Сердце сжало тревожное предчувствие. Некоторое время я в упор рассматривал померкшую стену, пытаясь ментальным образом вернуть изображение к жизни. Врубил всю мощь, какой обеспечил меня волшебный пояс.

Все напрасно.

Между тем губошлепы разбежались по позициям. Иуду и сестер отправили тыл, в песчаные дюны. Там было построено небольшое укрытие, как раз на полпути между лощиной, ведущей к подножию гор, и небольшой бухтой, где поселяне спрятали плот.

Время тянулось удивительно медленно. Приютившая нас местность как бы замерла. Стихло волнение на море, песок высох точно по оцепеневшей линии уреза воды. На поверхности океана слепяще и резко отражалось местное тусклое солнце. В воздухе ни единого дуновения ветерка, обречено обвисли листья папоротниковых деревьев. В сверхчувственной ауре исчезли убаюкивающие, напоминающие страстные вздохи шумы. Я раз за разом пытался связаться с наблюдательными шариками, оставленными во всех трех туннелях, однако те онемели. Становилось нестерпимо жарко.

Не нравилась мне эта тишина, прерываемая редкими приглушенными раскатами, доносящимися со стороны всех трех туннелей.

Что там творилось?

Прошло более часа, жара не спадала. Я обошел все три позиции, каждый раз дотошно расспрашивал губошлепов, что там, в туннелях — все ухают? Наконец добрался до баррикады, прикрывать которую взялся Неемо с матросами. Капитан выглядел угрюмо, то и дело поглядывал на небо — тучки, что ли, дожидался или дождика? Может, темноты?..

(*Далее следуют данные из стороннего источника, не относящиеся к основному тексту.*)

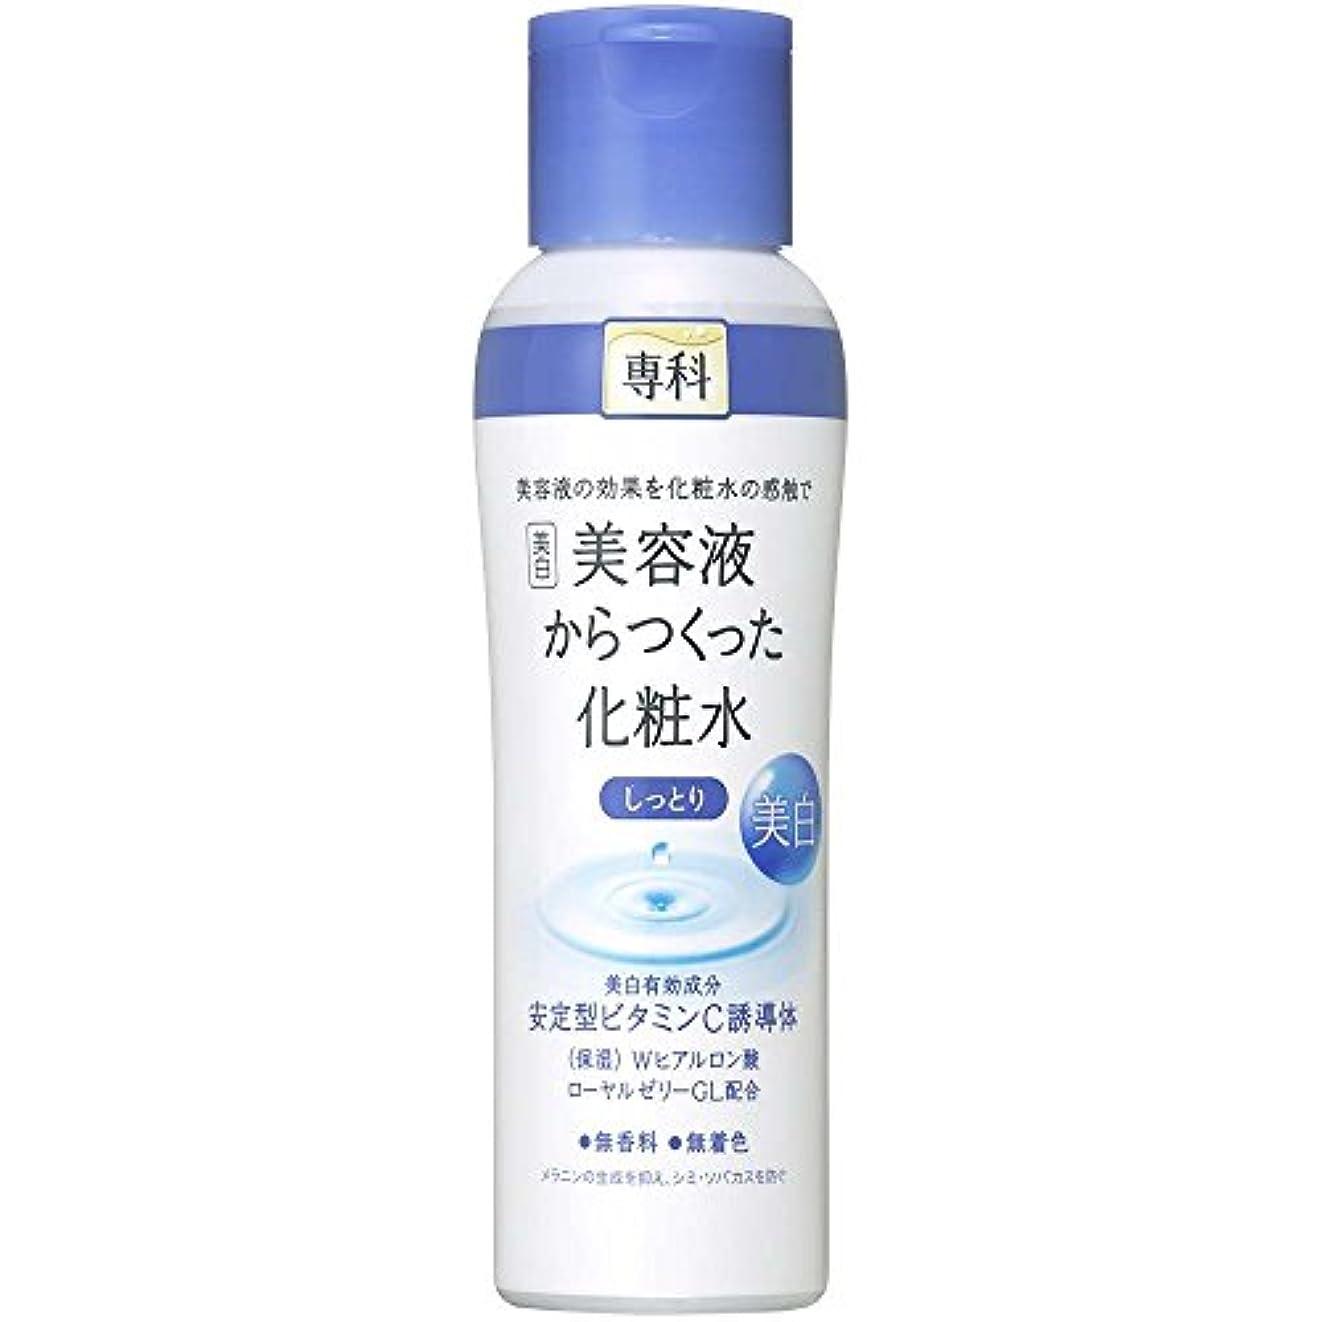 小麦粉傑出した熱心【アウトレット品】専科 美容液からつくった化粧水(しっとり)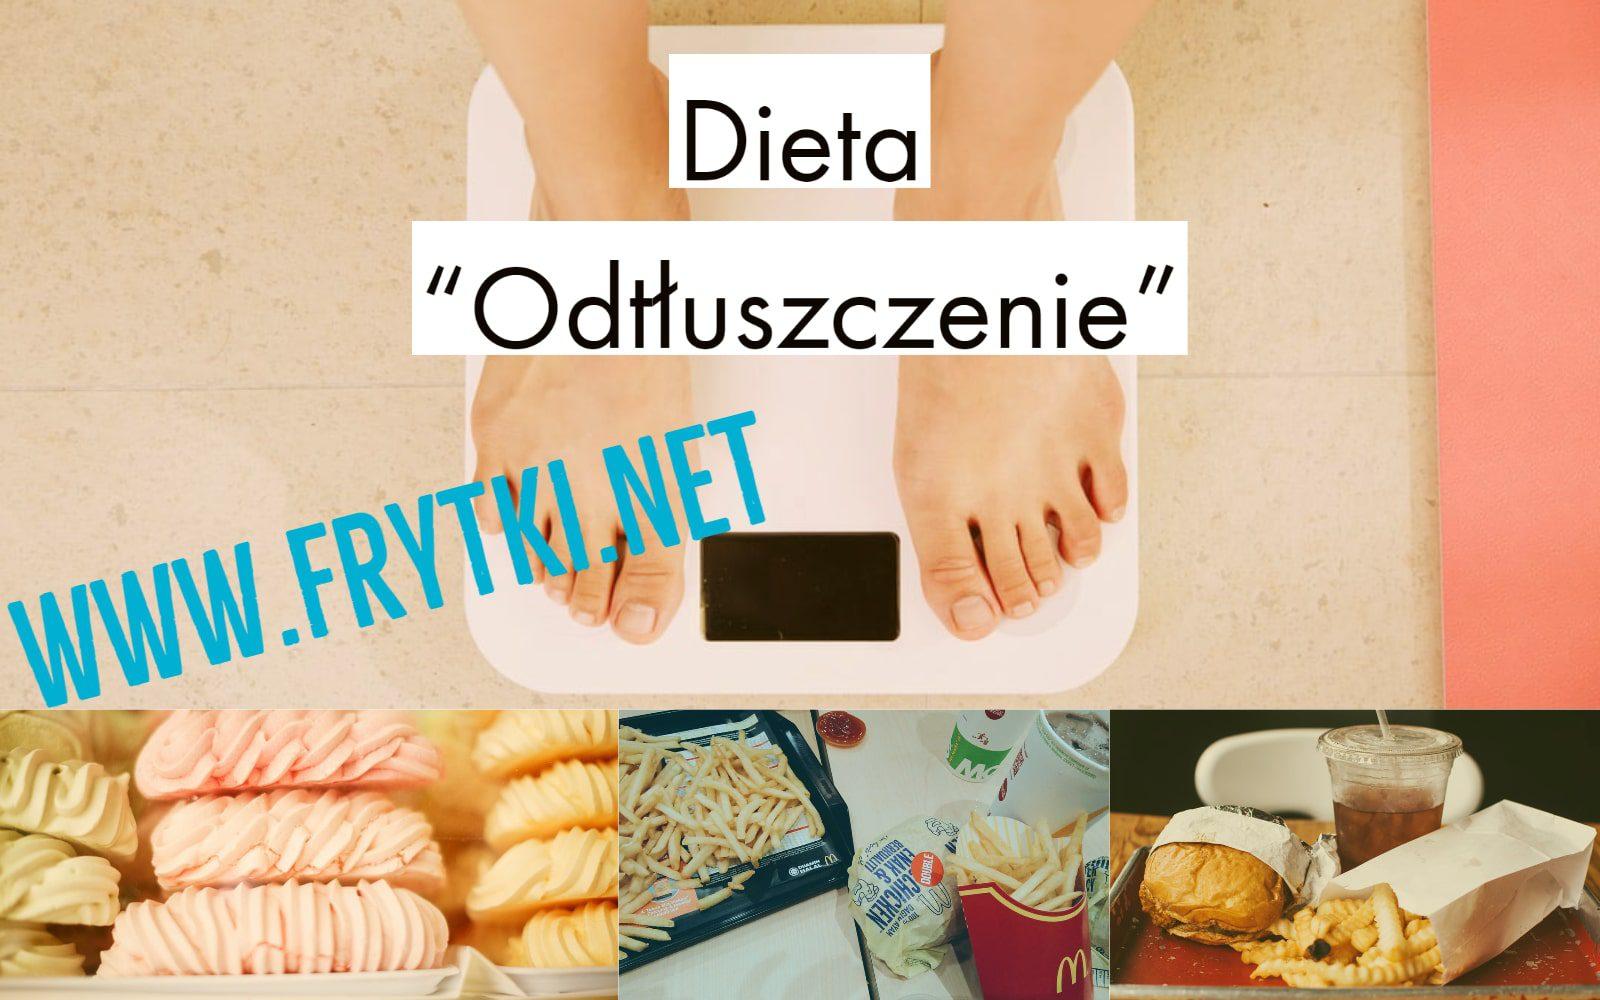 dieta odtłuszczenie

— В чем дело, Неемо? — спросил я, устраиваясь рядом с ним в окопе.

Он долго молчал, все поглядывал на воткнутую в бруствер обломанную зубчиками палочку, потом подвинулся, жестом предложив занять его место. Я подчинился, проследил за крючковатым коготком, которым тот провесил незримую линию от моего правого глаза через верхушку обломанной палочки в направление солнца.

— Ничего, учитель, не замечаешь?

Я недоуменно почесался.

Он повторил жест.

Я устроился поудобнее — так, чтобы средний зубчик лег на край светила. Пригляделся — оранжевый блеск мне не мешал. Кому пришлось вырасти под жесточайшим приглядом Дауриса и Тавриса, тому яркий свет был не страшен.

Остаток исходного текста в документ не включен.